Oil rates surge on Monday as US inflation data indicates slowdown
Date
12/23/2024 2:05:39 AM
(MENAFN) Oil prices climbed at the start of trading on Monday after U.S. inflation data indicated a slowdown, renewing hopes for further monetary policy easing next year to bolster global economic growth and oil demand, according to a UK news agency. This optimism contributed to early gains in the energy market as traders speculated on the potential for more supportive conditions in 2024.
Brent crude futures rose by 26 cents, or 0.4 percent, to USD73.20 a barrel by 01:41 GMT, while West Texas Intermediate (WTI) crude futures increased by 31 cents, or 0.5 percent, to USD69.77 a barrel. The modest gains marked a recovery after a challenging week for crude prices. Last week, oil prices dropped by more than 2 percent due to concerns over global economic growth and subdued demand, following cautious signals from the U.S. Federal Reserve regarding future monetary policy easing.
In addition to U.S. policy considerations, market sentiment was influenced by research from Sinopec, Asia's largest oil refiner, which projected that China's oil consumption would peak by 2027. This forecast added pressure to prices amid broader uncertainties about long-term demand trends in the world's second-largest economy. Meanwhile, the U.S. personal consumption expenditures (PCE) index rose 2.4 percent year-on-year in November, slightly below economists’ expectations of 2.5 percent, reinforcing the view of easing inflation.
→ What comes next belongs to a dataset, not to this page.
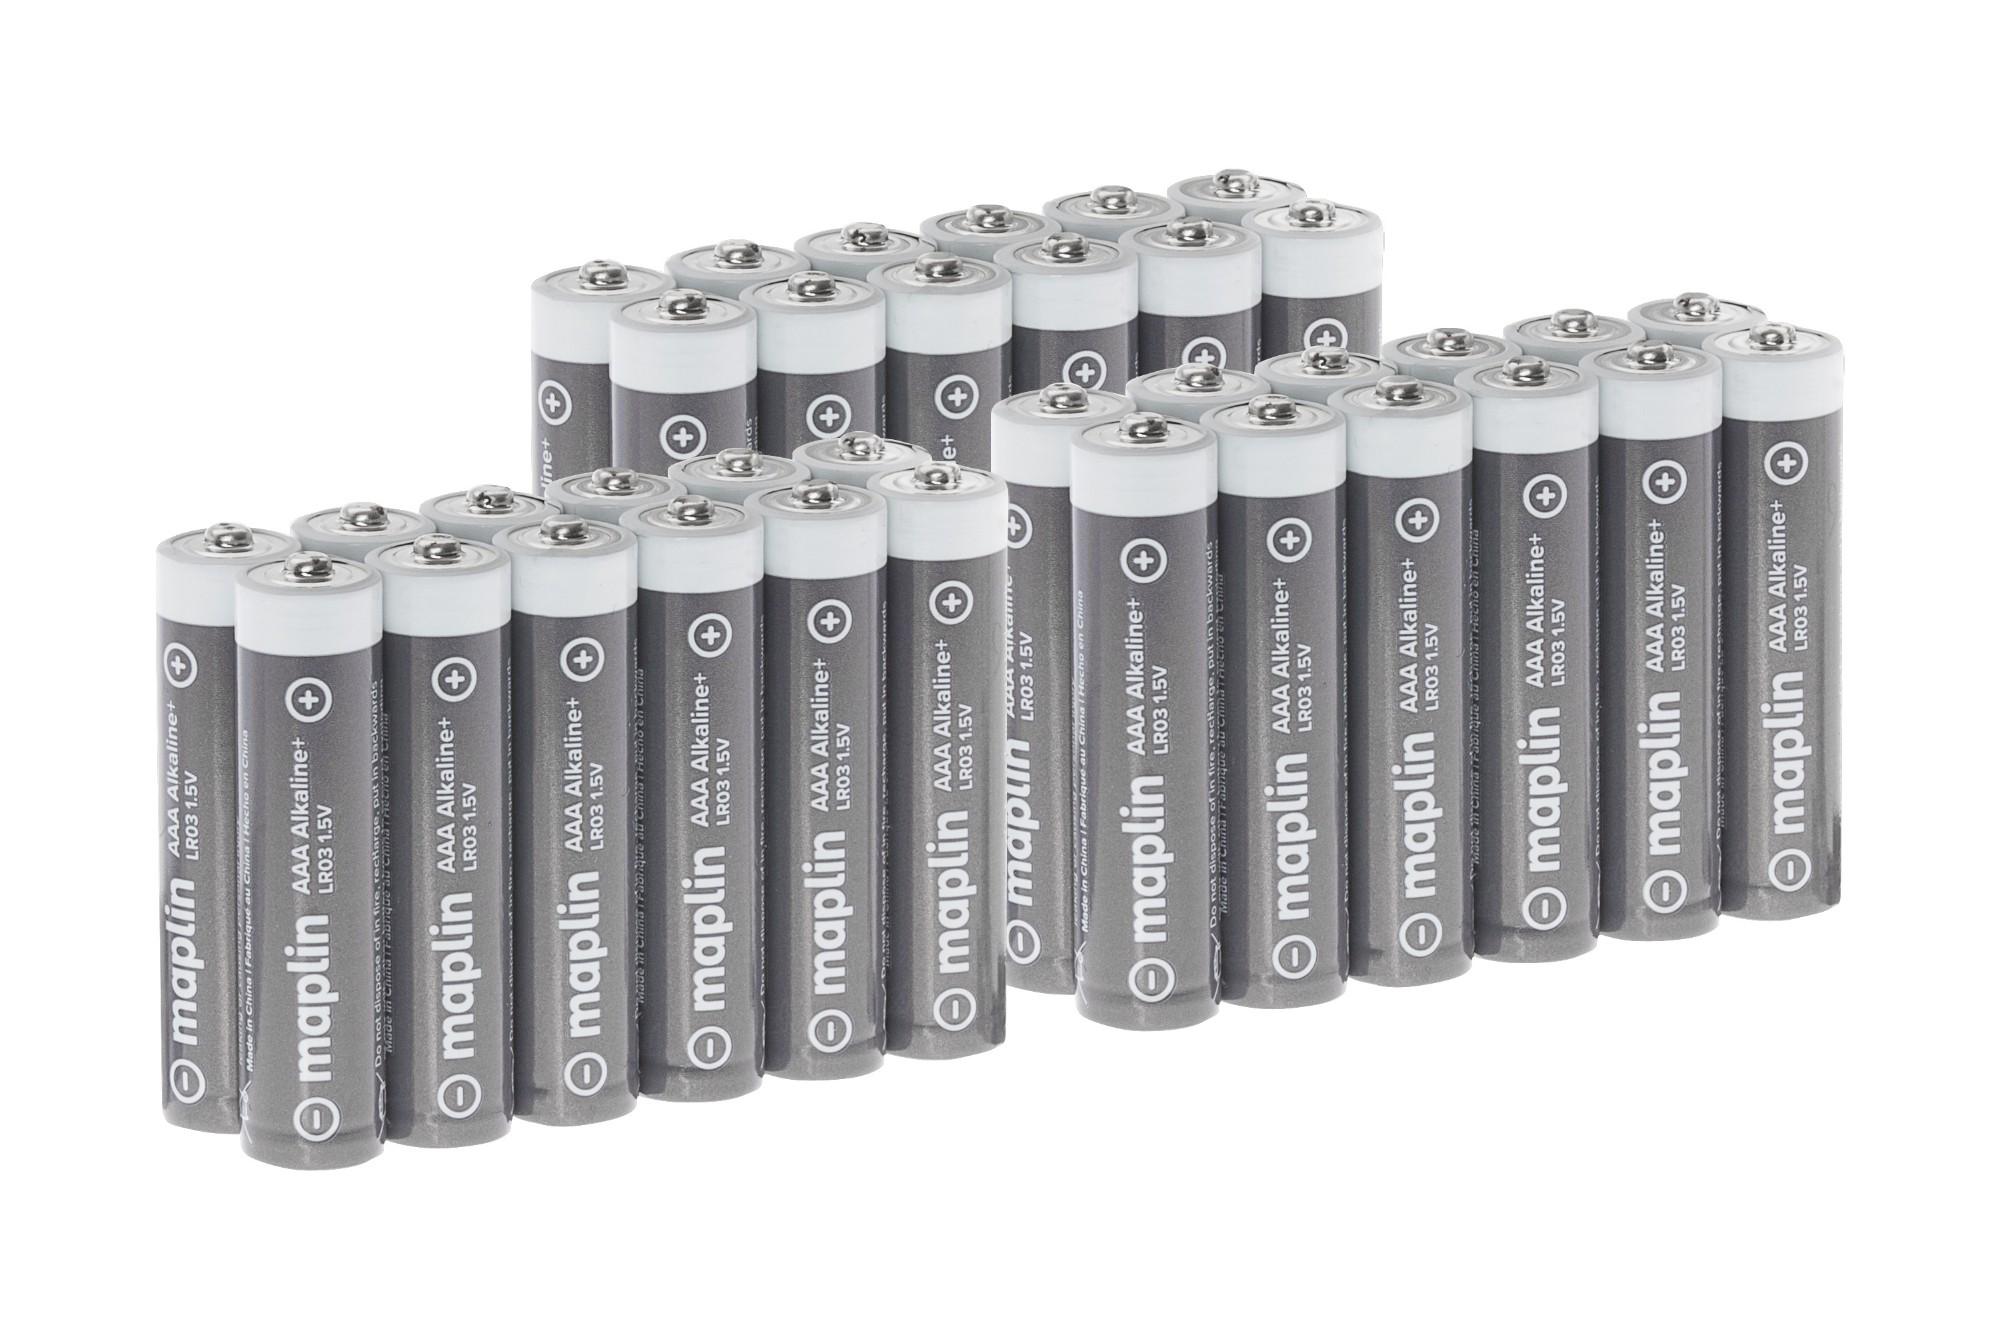 MAPLIN Extra Long Life High Performance Alkaline AAA Batteries - Pack of 36 (3 x 12)

Tony Sycamore, a market analyst at IG, noted that risk assets, including U.S. equity futures and crude oil, began the week on firmer ground. He attributed the positive momentum to lower inflation data, which helped alleviate concerns sparked by the Federal Reserve's recent interest rate cut. Sycamore also highlighted the significance of the U.S. Senate passing legislation over the weekend to end a brief government shutdown, which provided additional support to market sentiment.